SUNP’s US base faces challenges given lack of meaningful launches, material price erosion across portfolio and its inability to compete on market share.
Sun Pharma’s Q2FY18 revenues missed estimates by 5%, and while all key segments missed estimates, its US business stood out with a $42 million q-o-q decline. Despite lower R&D costs, EBITDA missed estimates by 4%. SUNP’s US base faces challenges given lack of meaningful launches, material price erosion across portfolio and its inability to compete on market share. With Halol recovery and specialty roll-out already incorporated in FY2019/20 estimates, we see risks should initial MK-3222 ramp disappoint expectations. Reduce with revised target price of Rs 470/share.
Miss on all fronts
SUNP’s Q2FY18 revenues and EBITDA missed our estimates, largely driven by a steep $42 million q-o-q fall in the US. This follows $120 million drop witnessed over the previous two quarters. The entire US decline in Q2FY18 was triggered by SUNP’s base business with Taro reporting flat q-o-q performance. India (+11% y-o-y), EM (+16% y-o-y) and RoW (+40% y-o-y) too missed estimates modestly. Gross margins declined 120bps q-o-q, though EBITDA margins at 20.7% (16.3% ex-Taro) were largely in line with estimates, benefitting from significantly lower R&D spend in the quarter. EBITDA missed estimates by 4%, though adjusting for lower R&D, EBITDA missed by ~11%. Higher other income due to income tax refund, and lower tax rate resulted in 7% PAT beat. The management retained its guidance of single-digit revenue decline in FY2018 and H2FY18 EBITDA margins of 20-22%. We believe the revenue guidance is a tough ask, as it implies ex-US growth of 18% in H2FY18, with US likely to remain under pressure.
Spreading itself too thin?
Over the past eight quarters, SUNP has received 33 ANDA approvals, yet its FY2017 volumes in the US declined by 35% as compared to FY2013 (pro-forma) levels, reflecting in part, Ranbaxy portfolio rationalisation, as well as its inability to compete on market share in an increasingly competitive environment with sub-optimal shares in interesting products such as Suboxone tabs and missed opportunities such as Glumetza. In the current pricing environment, we believe market share gains are critical in driving operating leverage, particularly as Halol recovery continues to remain elusive, with SG&A remaining at elevated levels despite RBXY synergies, in part, due to ongoing investments in specialty roll-out.

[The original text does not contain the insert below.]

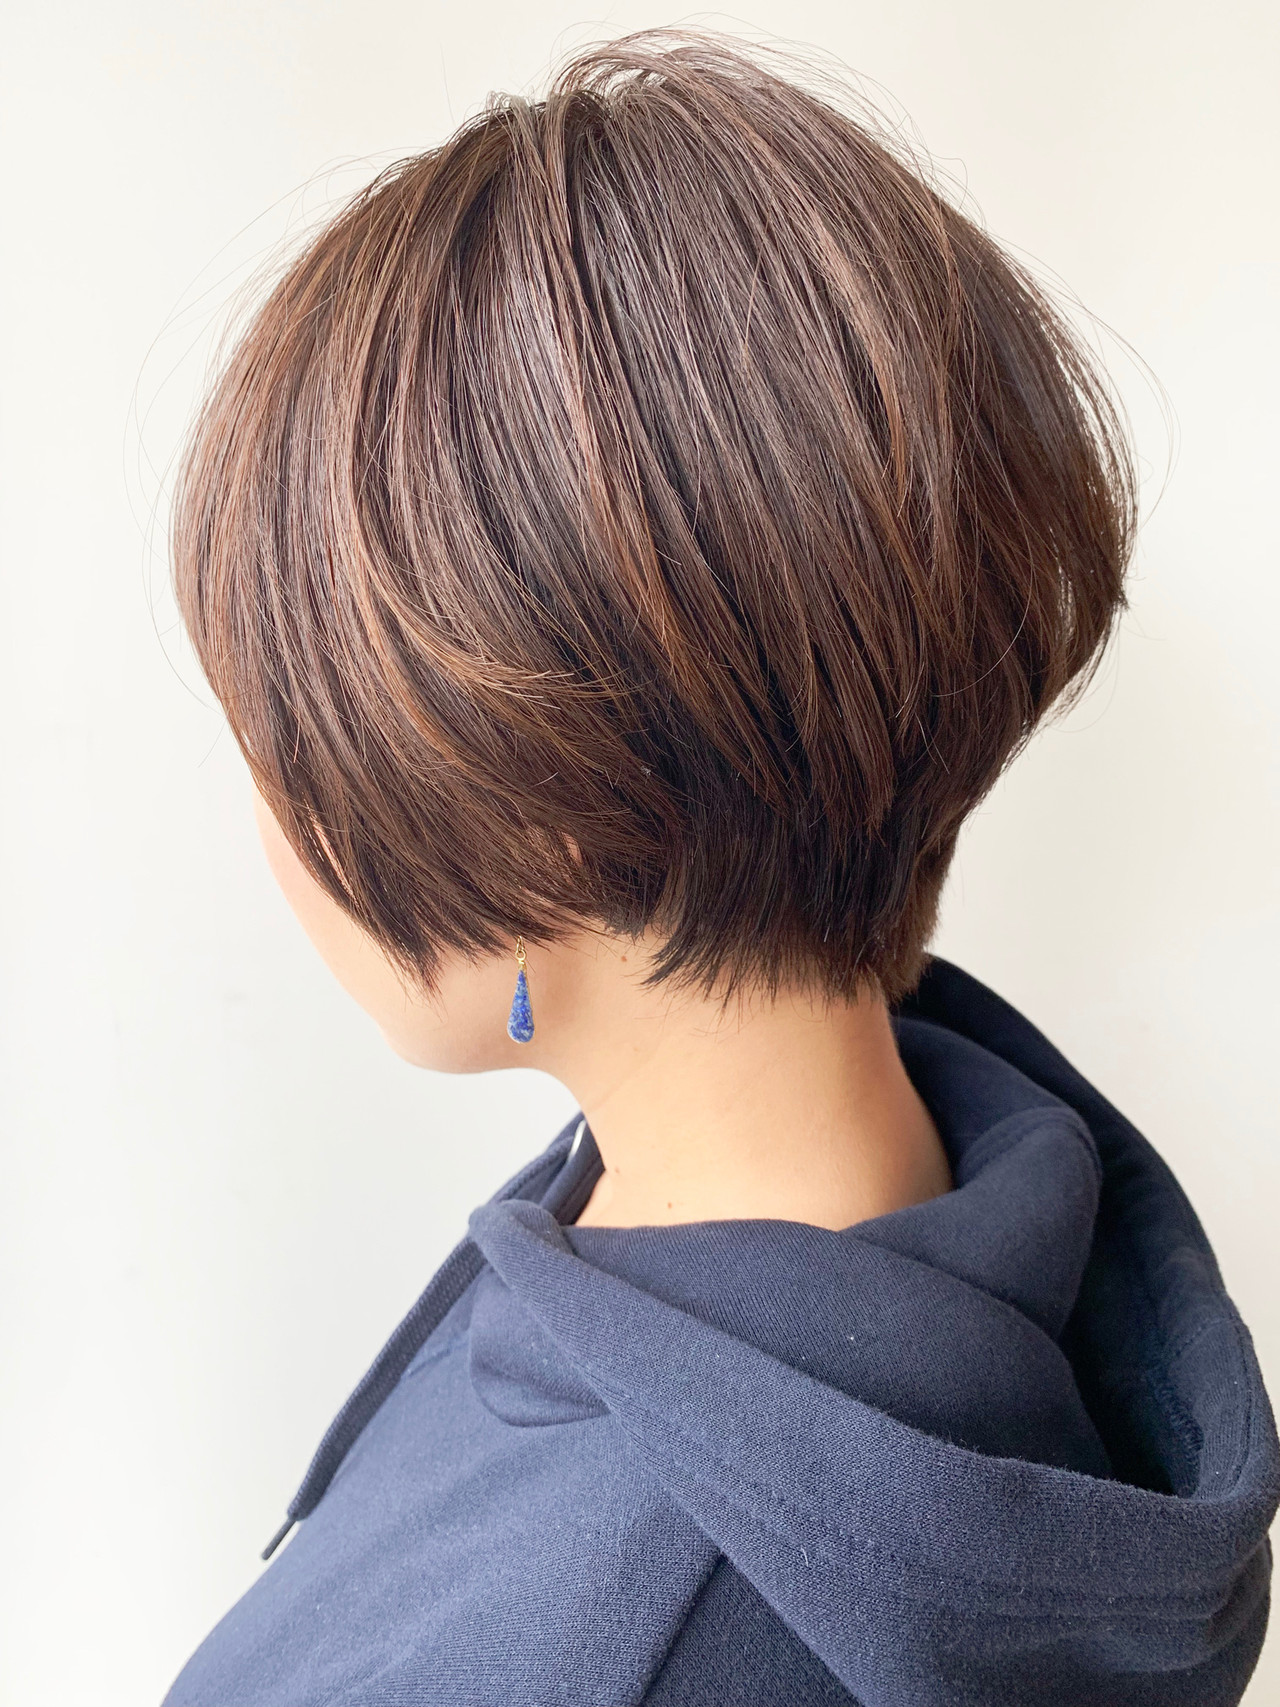 ショートヘア 丸みショート オフィス ショートボブ ヘアスタイルや髪型の写真・画像

Given the intensifying competitive landscape and reimbursement pressures in psoriasis, we believe MK-3222 share gains will be gradual, and could likely disappoint on initial estimates.

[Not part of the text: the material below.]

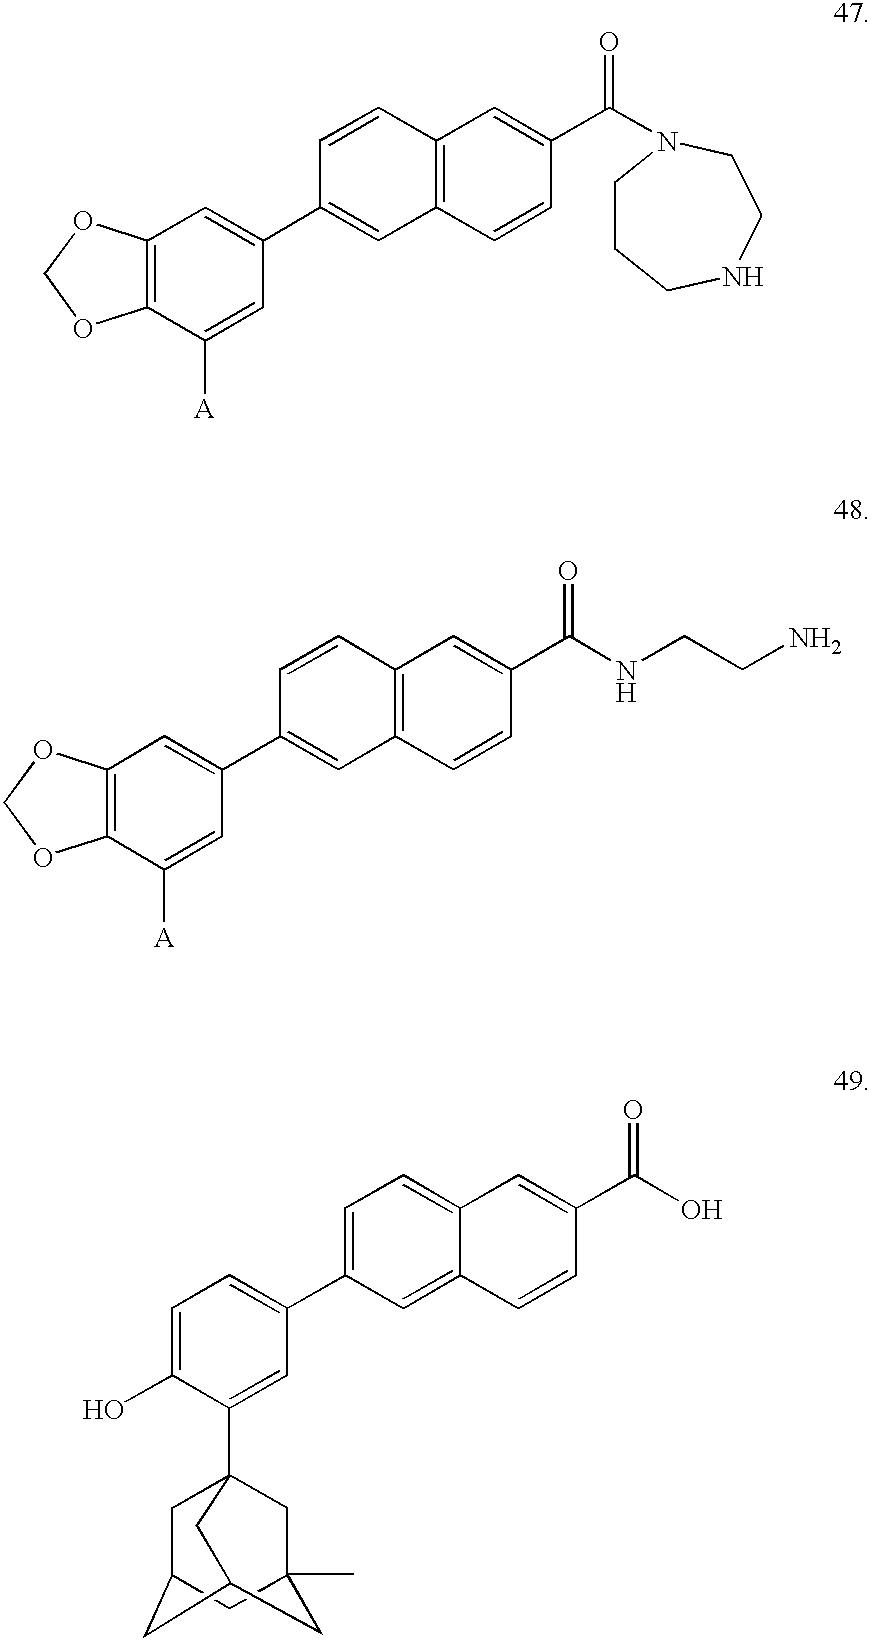 Figure US06462064-20021008-C00034

Reduce with revised TP of Rs 470
We cut our FY2018 EPS estimates by ~6% and raise FY2019/20 EPS by ~2%. Sun Pharmaceuticals is trading at 24X FY2019 EPS and 20X FY2020 EPS. We expect Sun Pharmaceuticals’ US base to return back to its historic peak only in FY2021/22 as FY2018 is turning out to be a complete washout, while FY2019 will see Halol recovery, with specialty franchise contribution only turning material in FY2020/21, though this will be partially offset by Absorica generic entry in FY2021. Maintain Reduce with target price of Rs 470/share (vs Rs 410 earlier) as we roll forward to September 2019E.